We all agree: we must advance women’s rights. But how do we make sure we have money to make it happen?
Tax is central to the delivery of women’s rights all around the world. It is high time to recognise it and make sure that national and international tax rules work for women’s rights – and that this topic becomes a central part of European development policy debates.
This year’s European Development Days, which took place at the beginning of this month in Brussels, brought together over a thousand organisations and inspiring initiatives advancing women’s rights all around the world. We loved seeing the diversity and innovation among them.

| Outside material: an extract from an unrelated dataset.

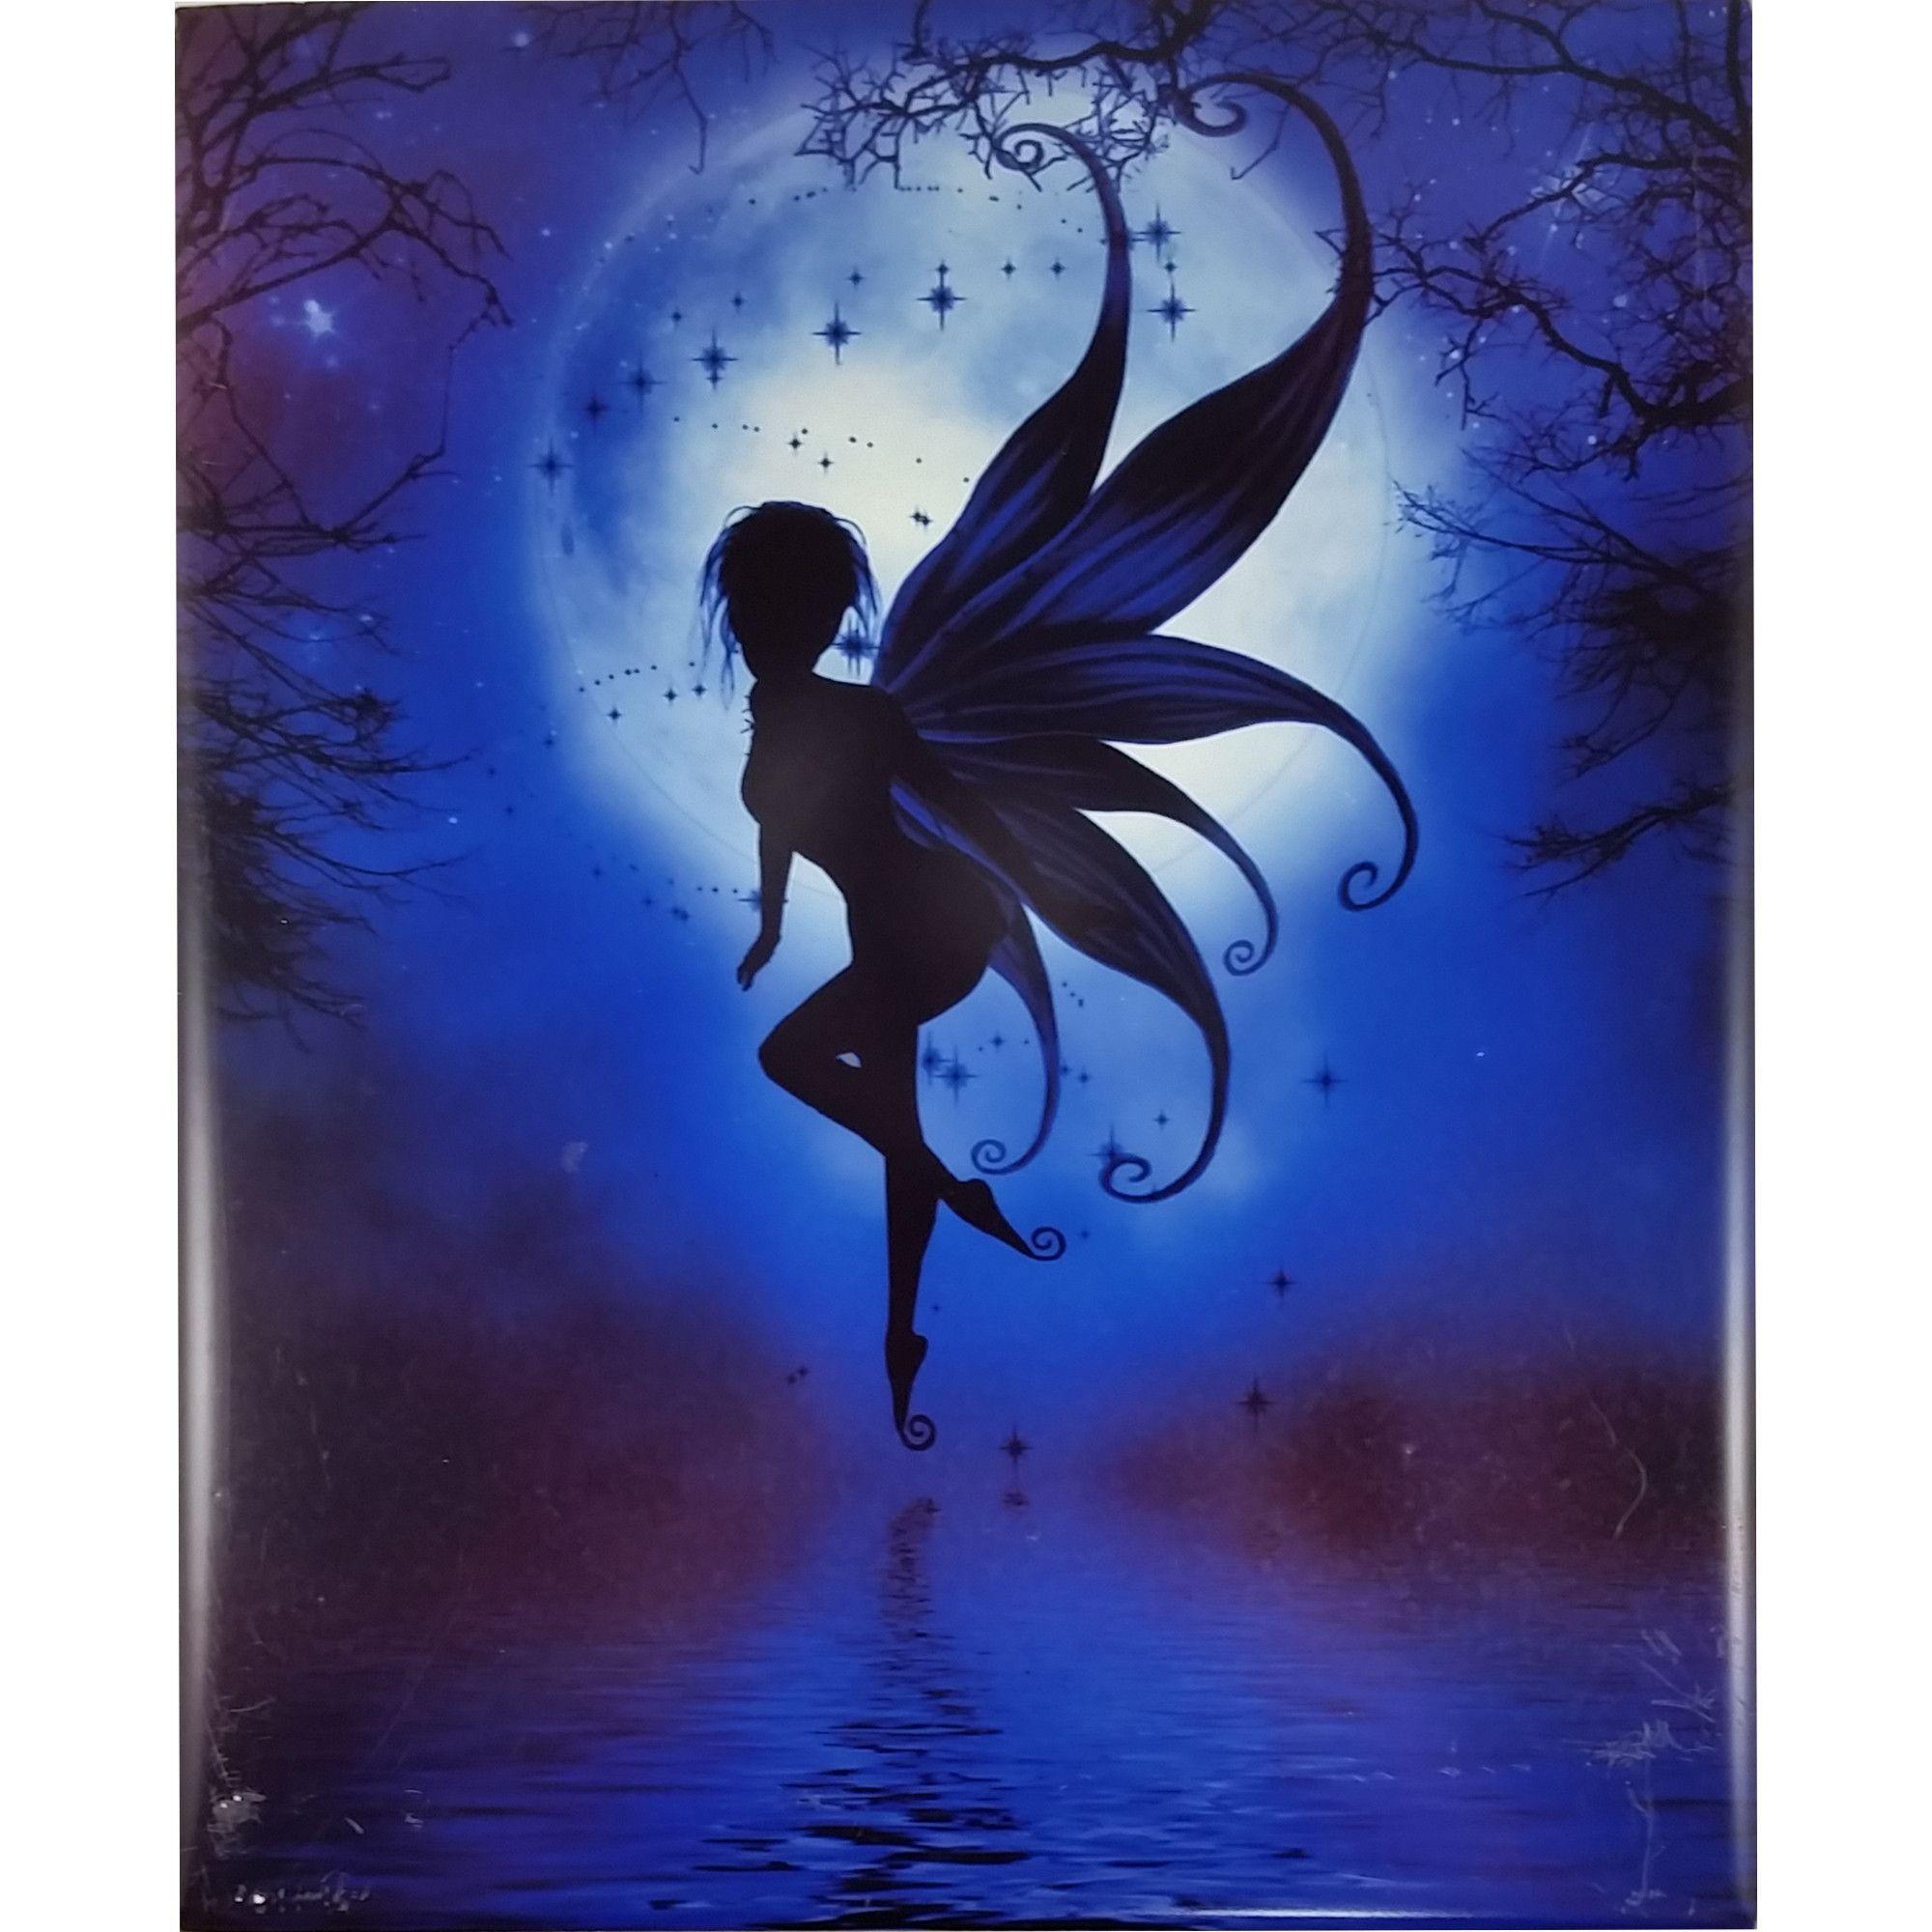 Indigo Fairy Art Tile Julie Fain 10x8 In Fairies Fantasy M263 Mystical

What was less present were discussions about how to sustainably finance it all. A few sessions focused on the crucial topic of gender budgeting, discussing how to make sure that the allocation of public funds is distributed fairly and will reduce gender inequalities. Few discussions, however, covered the issue of how to raise this revenue - and how the way in which public resources are mobilised affects women. In other words: gender-sensitive taxation.
Surprisingly, yet again, tax – the most sustainable, reliable and democratic way of funding development and human rights - was rarely mentioned at the EDDs despite being an absolutely crucial topic in this context. How tax is raised and spent is central to women’s rights, and arguably more important to women than men. Women tend to depend more on public services, due to their reproductive health needs and unequal distribution of unpaid care work. Governments also need to provide services that prevent and respond to the high levels of violence that women face in both domestic and public spheres. This is why the amount of public revenue available for public services matters so much and why issues such as tax dodging by companies and individuals are crucial to the fight for women’s rights.
But how this revenue is raised matters too. While explicit gender bias is uncommon in tax policies, most countries’ tax systems contain implicit biases. Differences between men’s and women’s employment, income and spending patterns as well as asset and land ownership mean that different types of taxes affect the sexes differently. Consumption taxes (such as value-added tax [VAT]) are often regressive and have an implicit gender bias that works against women. Because women are over-represented among the poor and often spend a higher proportion of their income on goods and services (which are subject to VAT) for their families, this means women will likely pay a higher proportion of their income in consumption tax than men. While because men are over-represented among the rich and owners of assets and land, personal income tax and property taxes would usually affect them more, but these progressive taxes sometimes do not exist and in the case of personal income tax there can be significant tax gaps (where taxpayers either evade or avoid their taxes).
These are just some of the considerations ActionAid discusses in the ‘Making tax work for women’s rights’ report – and that we further explored in our panel debate at this year’s EDDs under the same title. We will continue our work in this area – firstly with a new report, to be published soon, including recommendations for how the IMF could improve its advice around gender-responsive fiscal policies. Secondly, we hope to discuss how EU development policies are going to include tax and women’s rights over the coming year as well as hear more talk about tax at the next EDDs.